COLLECTED DATA —
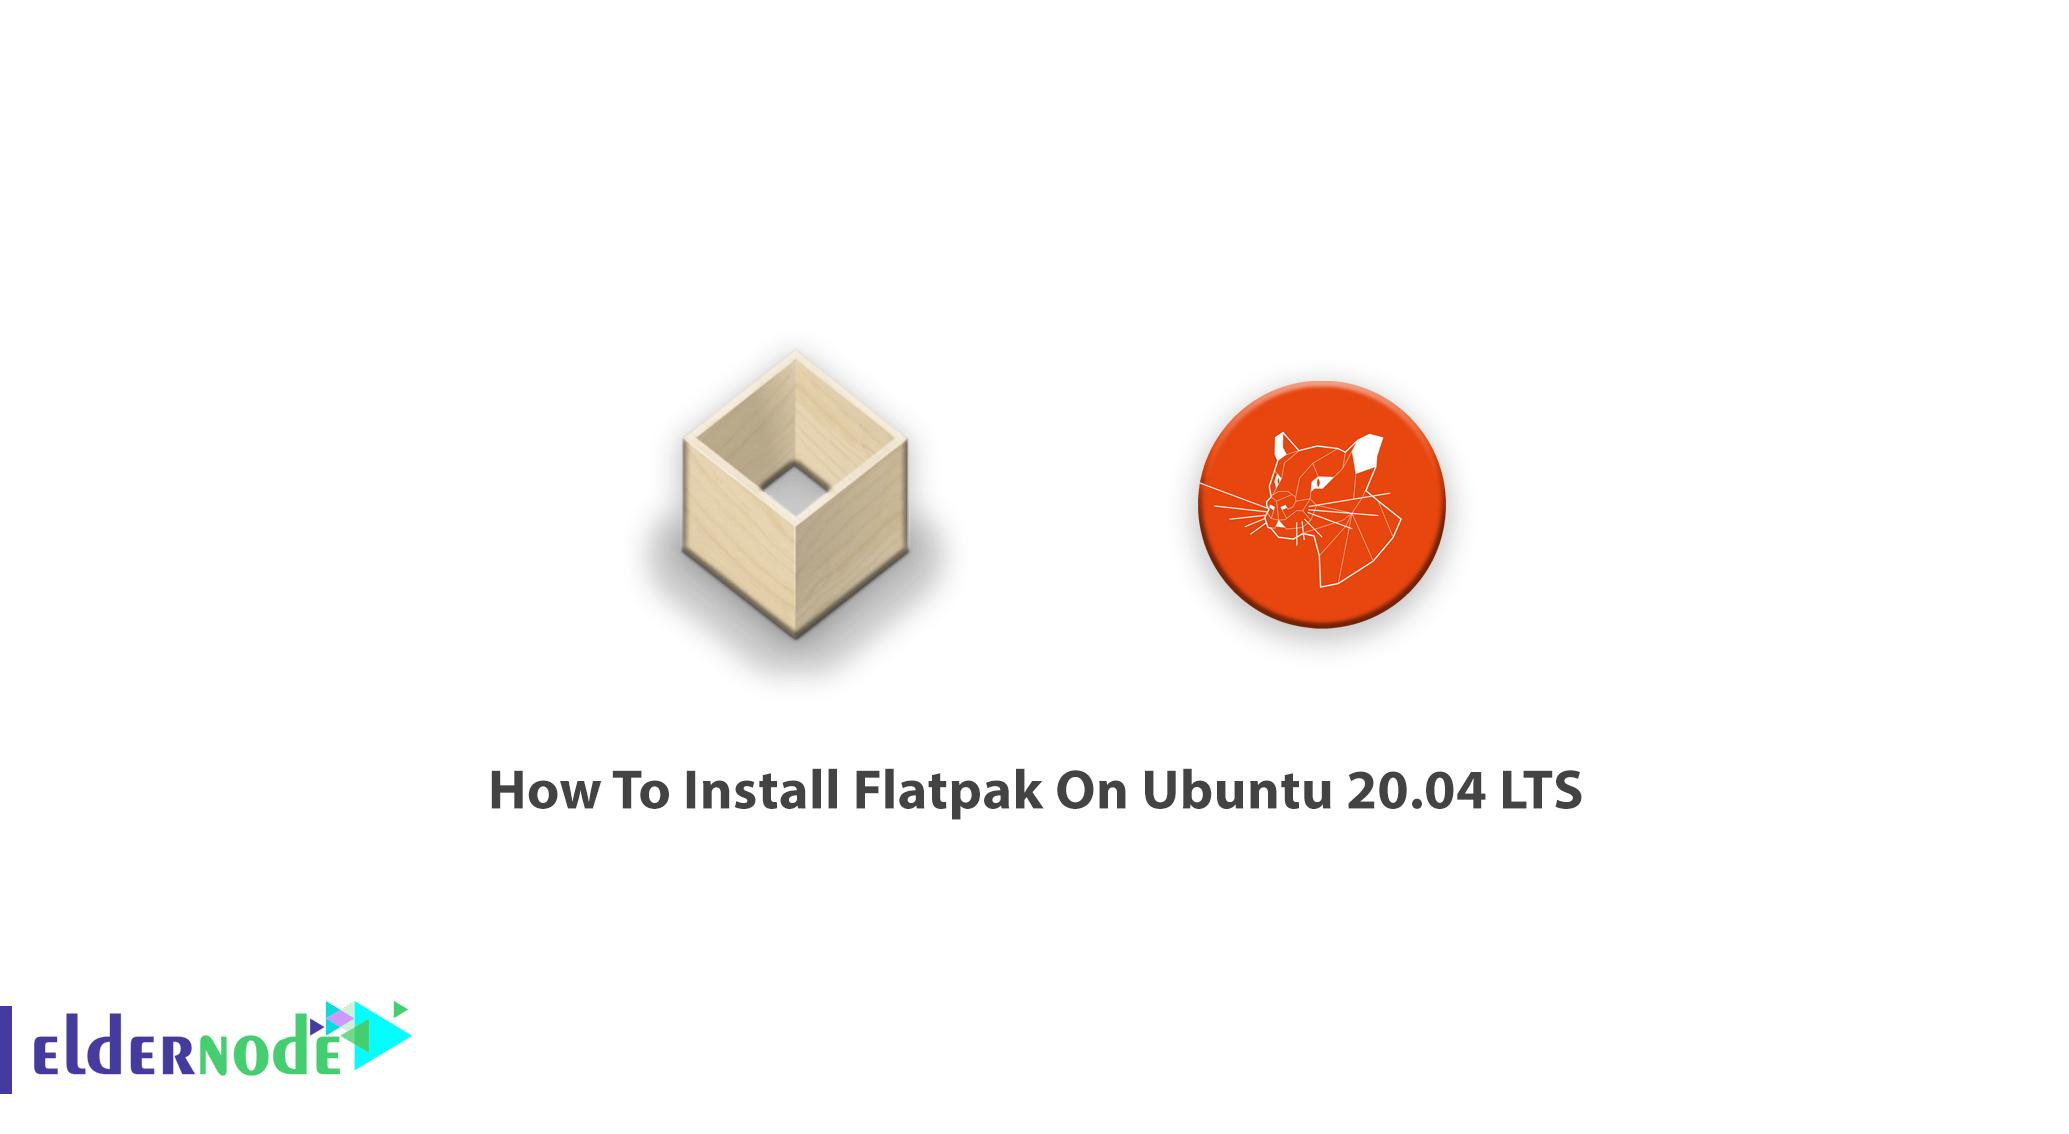 How To Install Flatpak On Ubuntu 20.04 LTS
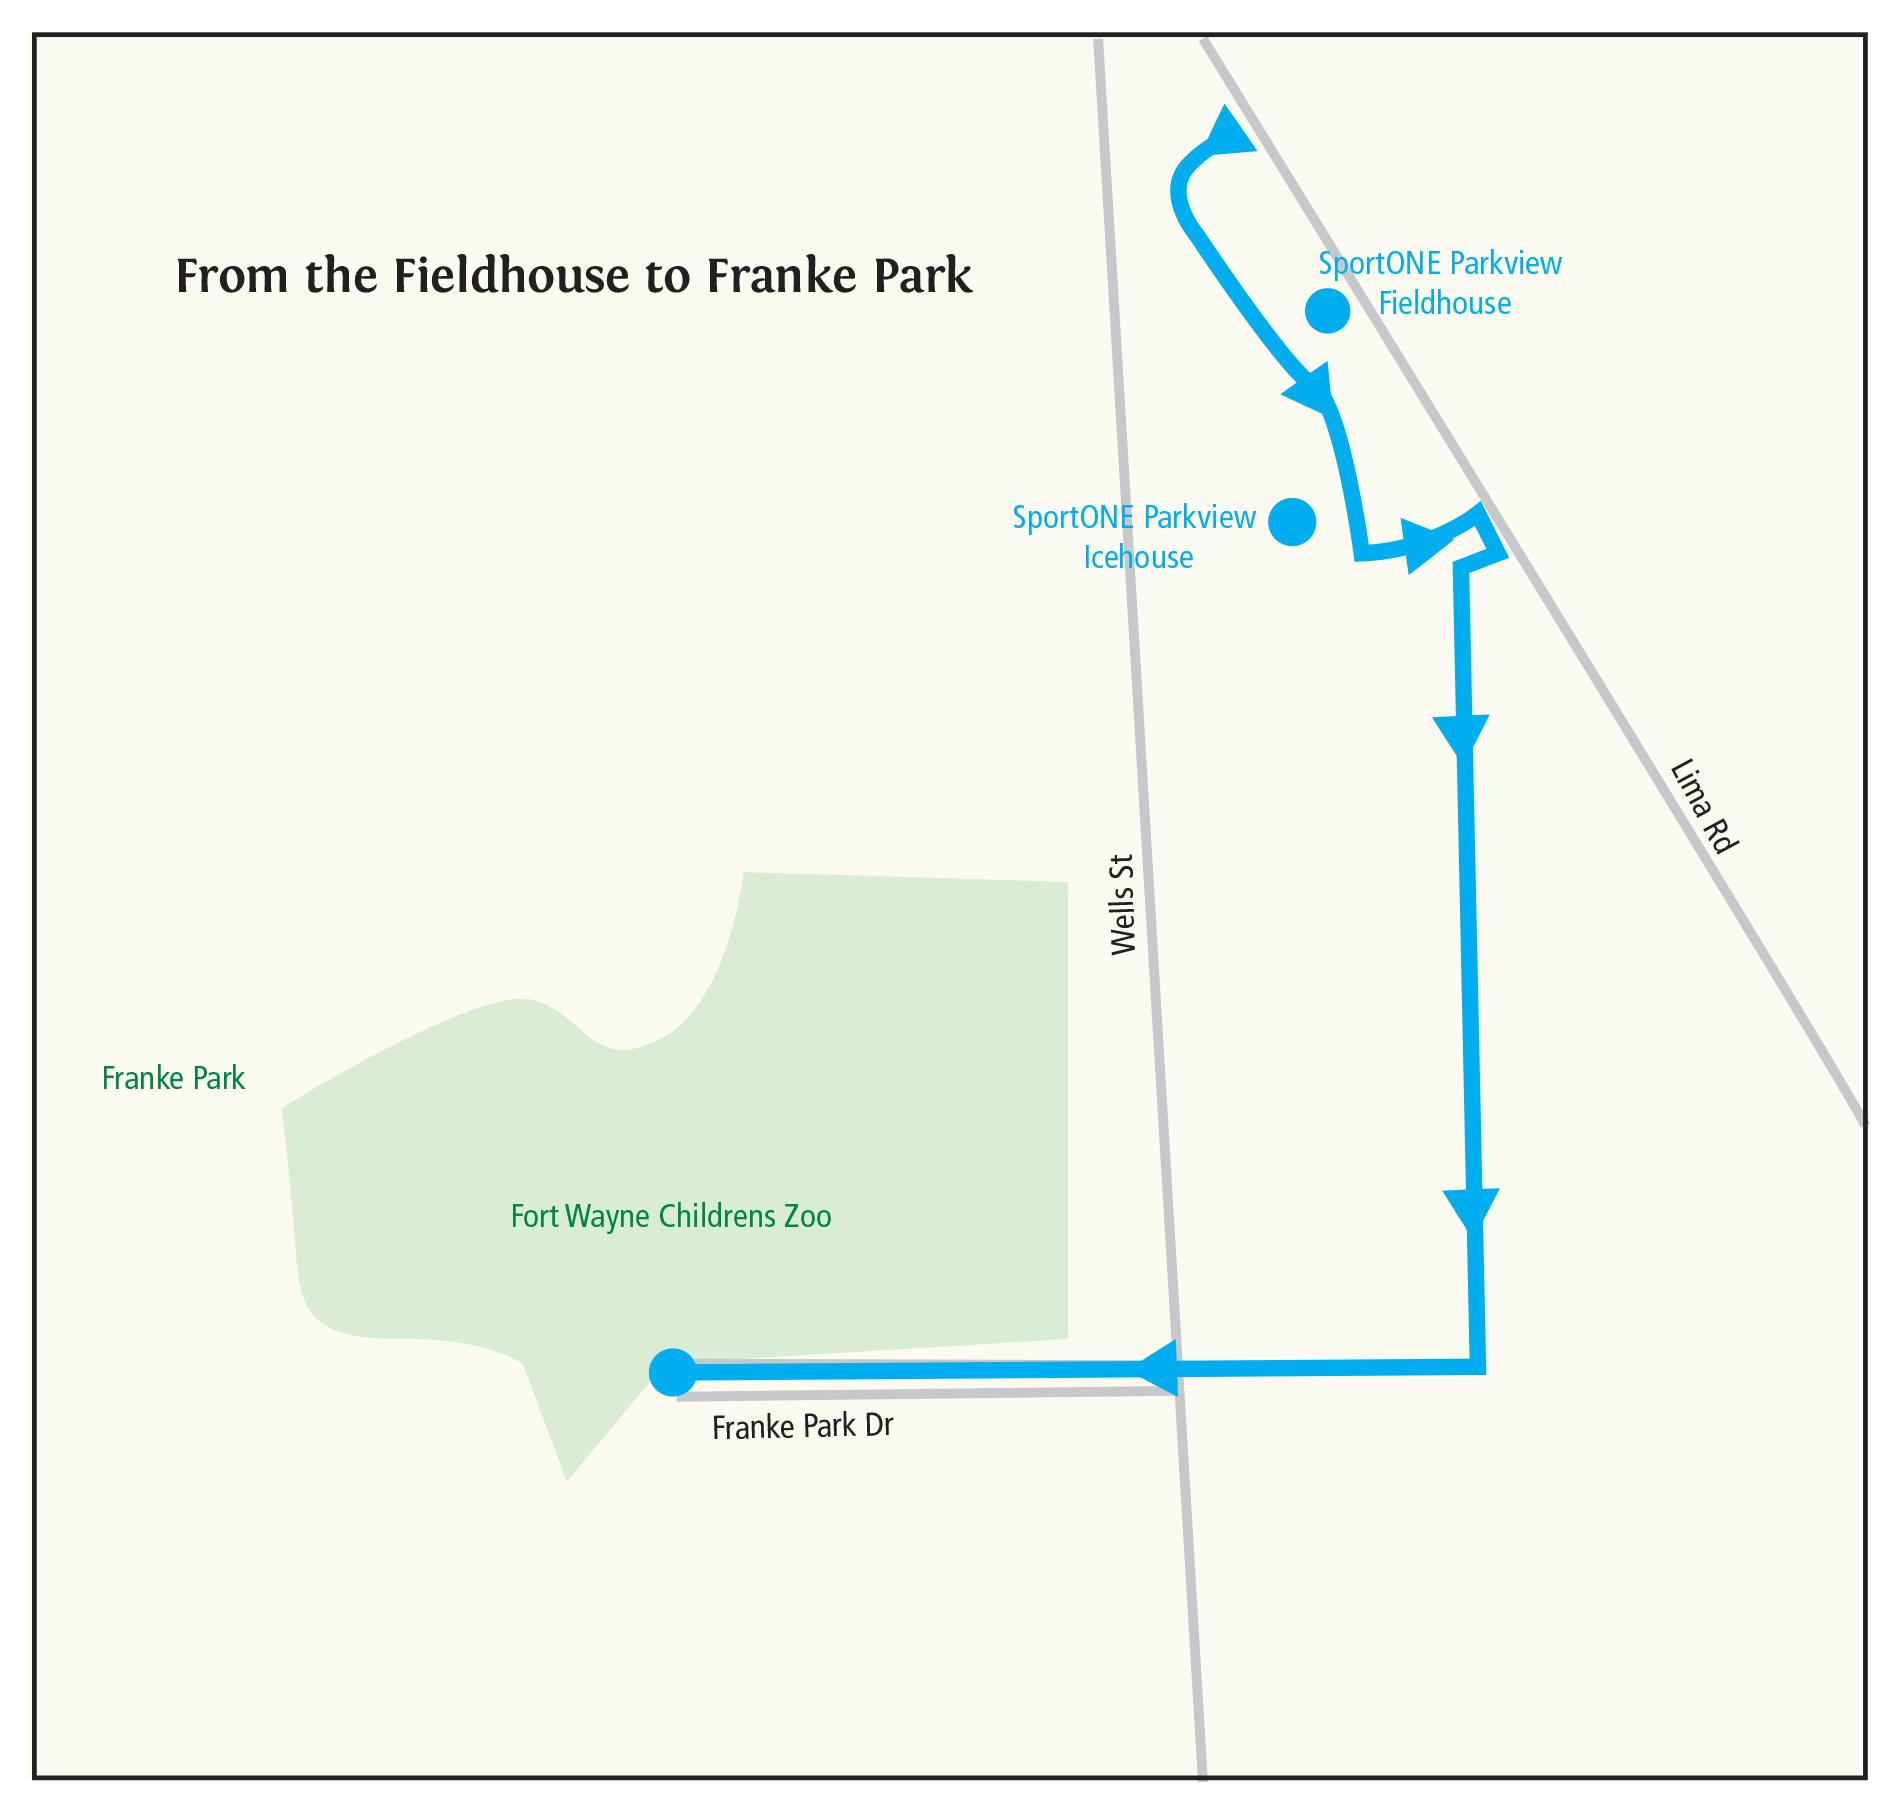 Map Of Wayne County Pa, Fieldhouse To Franke Park Trail Ride Itinerary, Map Of Wayne County Pa
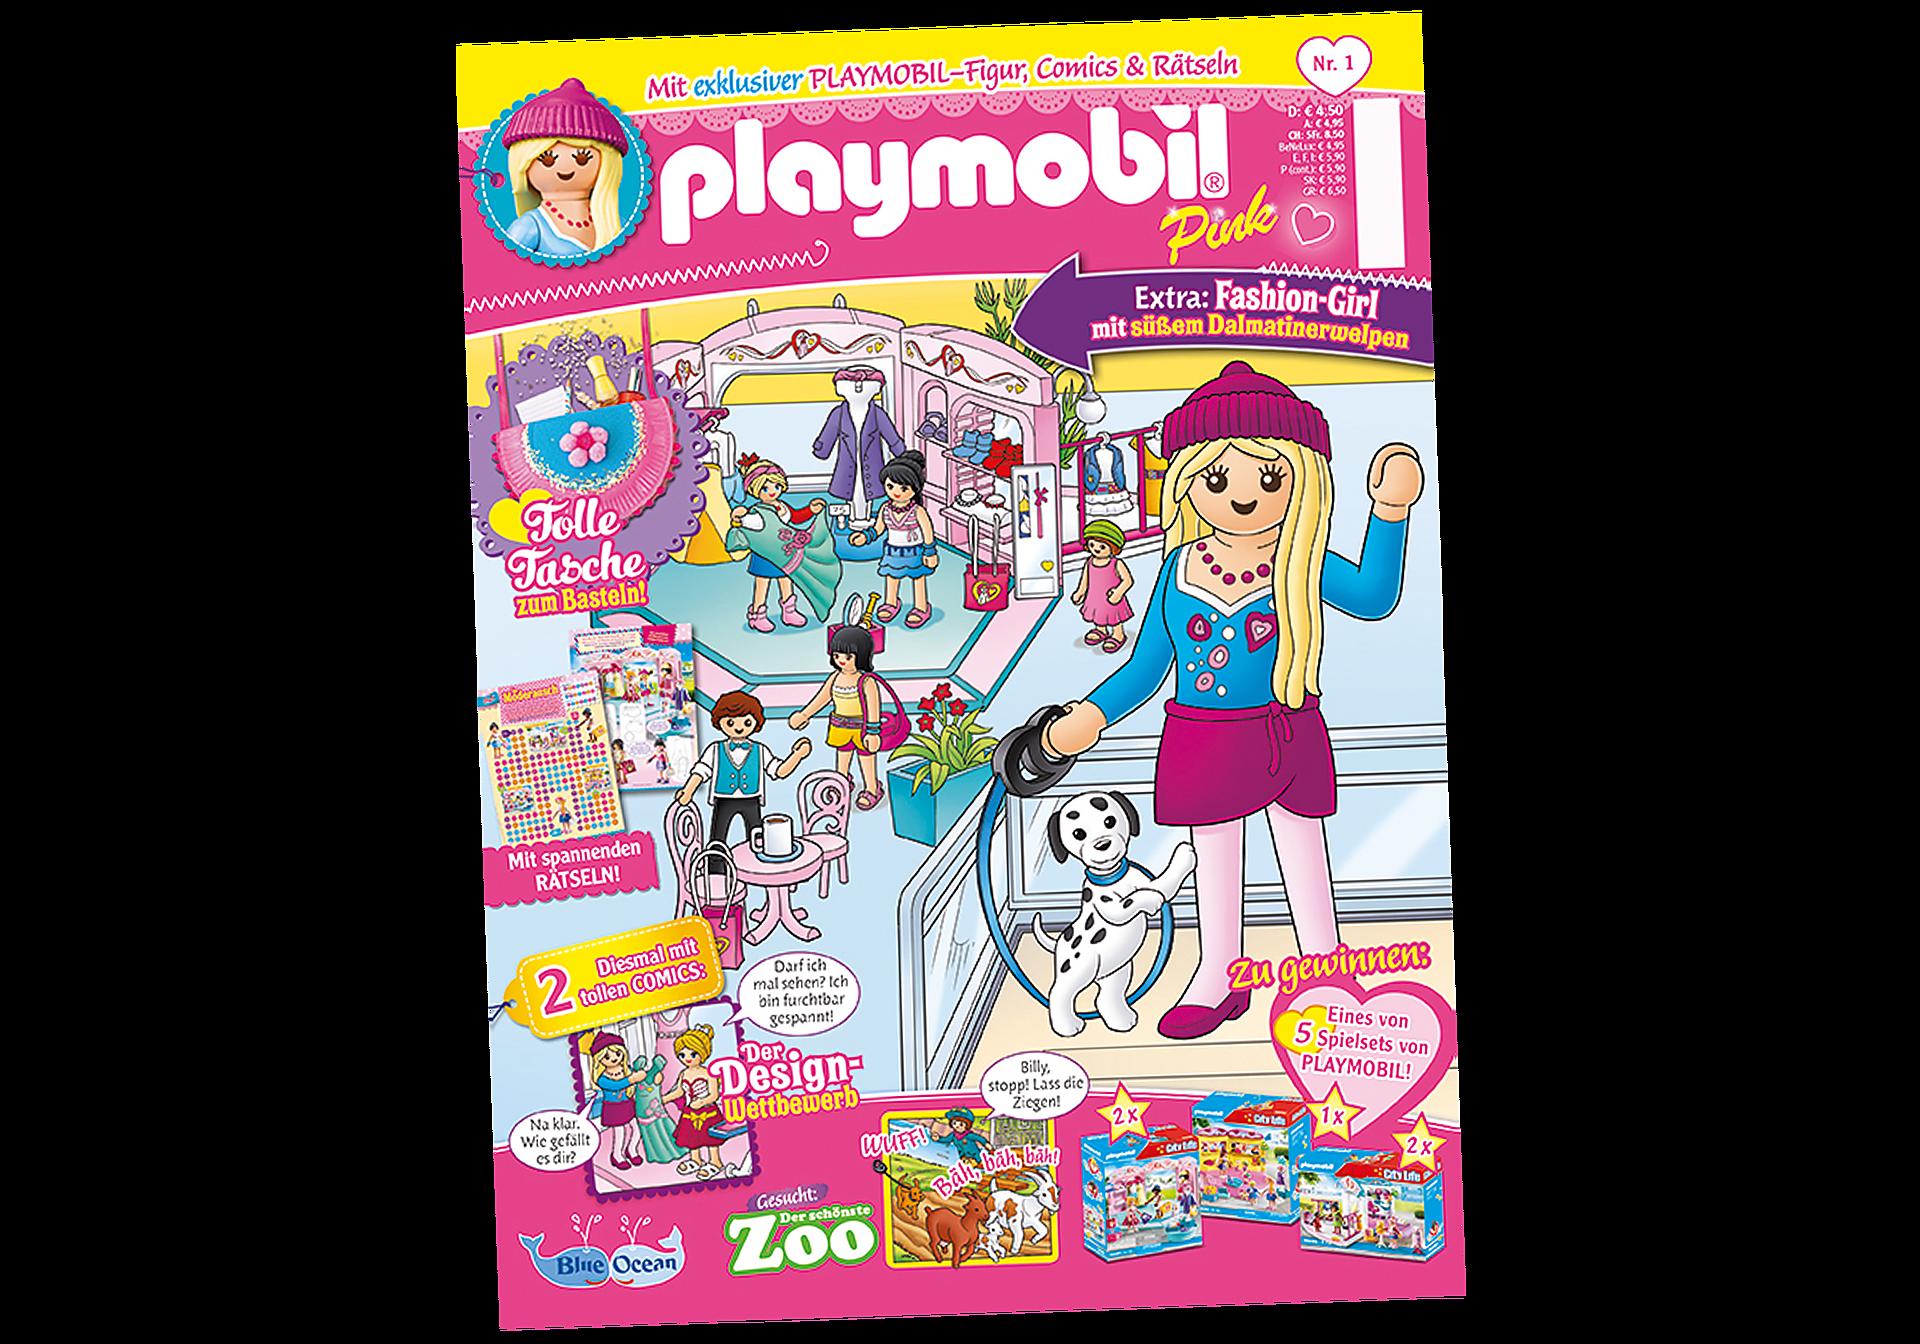 80674 PLAYMOBIL-Magazin Pink 1/2021 (Heft 59) zoom image1

WORK ITEM — Copy out the data exactly and keep the pictures out.

EXERCISE SOLUTION —
 How To Install Flatpak On Ubuntu 20.04 LTS
 Map Of Wayne County Pa, Fieldhouse To Franke Park Trail Ride Itinerary, Map Of Wayne County Pa
 80674 PLAYMOBIL-Magazin Pink 1/2021 (Heft 59) zoom image1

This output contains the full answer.